1. HCF of fractions = HCF of Numerator/ LCM of Denominator

__Proof:__

Let the fractions be a/b and c/d. Let the HCF be x/y.

The HCF is the highest possible number that divides both fractions without a reminder. Since we are looking for the highest possible number, we must try to maximize x and minimize y.

[a/b] [y/x] should have no reminder.

[c/d] [y/x] should have no reminder.

=>x is the HCF of a and c to ensure that x divides a and c both and is as large as possible

=>y is the LCM of b and d to ensure that y is divided by b and d both and is as small as possible.

2. LCM of fractions = LCM of Numerator/ HCF of denominator

__Proof:__

Let the fractions be a/b and c/d. Let the LCM be x/y

The LCM is the smallest possible number that can be divided by both fractions without a reminder. Since we are looking for the smallest possible number, we must try to minimize x and maximize y.

[x/y] [b/a] should have no reminder.

[x/y] [d/c] should have no reminder.

=>x is the LCM of a and c to ensure that x is divided by both a and c and is as small as possible

=>y is the HCF of b and d to ensure that y divides both b and d and is as large as possible

__Tip #3__: Understand the concepts clearly to figure where to use

## HCF and where to use LCM

1. **Question: **Find the greatest 4-digit number which is divisible by 15, 25, 40 and 75.

**Solution: **LCM of 15, 25, 40, 75 = 600. We need to find the largest 4 digit number divisible by 600.

Largest 4-digit number = 9999. Remainder on dividing 9999 by 600 = 399.

**Thus, largest 4-digit number divisible by 15, 25, 40 and 75 = 9999 – 399 = 9600.**

2. **Question: **The ratio of two numbers is 3: 4 and their H.C.F. is 4. Find their LCM.

**Solution: **Let the numbers be 3x and 4x. HCF of 3 and 4 is 1. Therefore, HCF of 3x and 4x = x

=> x = 4.

=> Thus, the numbers are 12 and 16.** LCM = 48**

3. **Question: **A, B and C start at the same time in the same direction to run around a circular stadium.

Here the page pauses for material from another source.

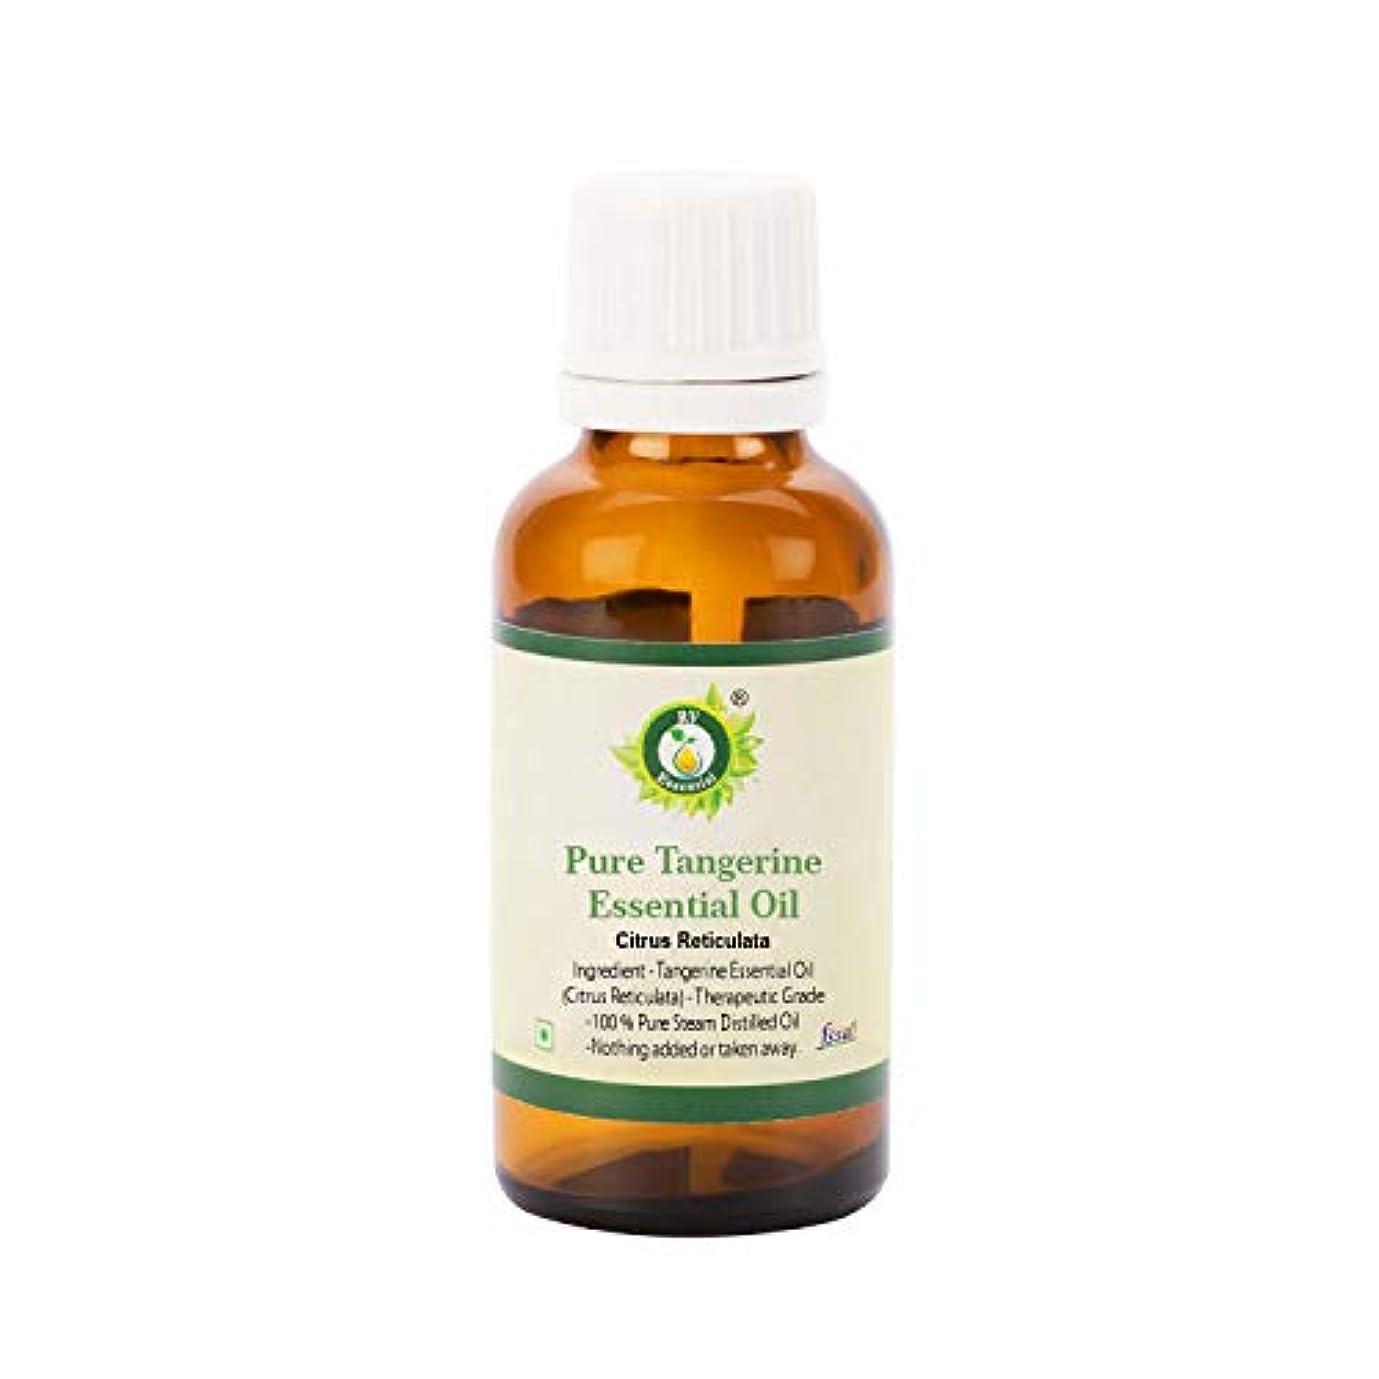 部分的に絶縁するフクロウR V Essential ピュアタンジェリンエッセンシャルオイル50ml (1.69oz)- Citrus Reticulata (100%純粋&天然スチームDistilled) Pure Tangerine Essential...

A completes a round in 252 seconds, B in 308 seconds and C in 198 seconds. After what time will they all meet again at the starting point, if they keep running in circles?

**Solution: **We need to find the time after which each of A, B and C would’ve completed full rounds.

=> **LCM of 252, 308, 198 = 2272 sec = 2272 / 60 minutes = 46 min 12 sec.**

4. **Question: **Six bells commence tolling together and toll at intervals of 2, 4, 6, 8 10 and 12 seconds respectively. In 30 minutes, how many times do they toll together?

**Solution: **The bells ring together after time equal to LCM of the intervals, i.e., 2, 4, 6, 8, 10, 12 sec.

LCM of 2, 4, 6, 8, 10, 12 = 120. Thus, the bells ring together after every 120 sec = 2 min.

**In 30 minutes, they will together ring 30/2 + 1 = 16 times. **

(Since at t = 0, the bells would ring together)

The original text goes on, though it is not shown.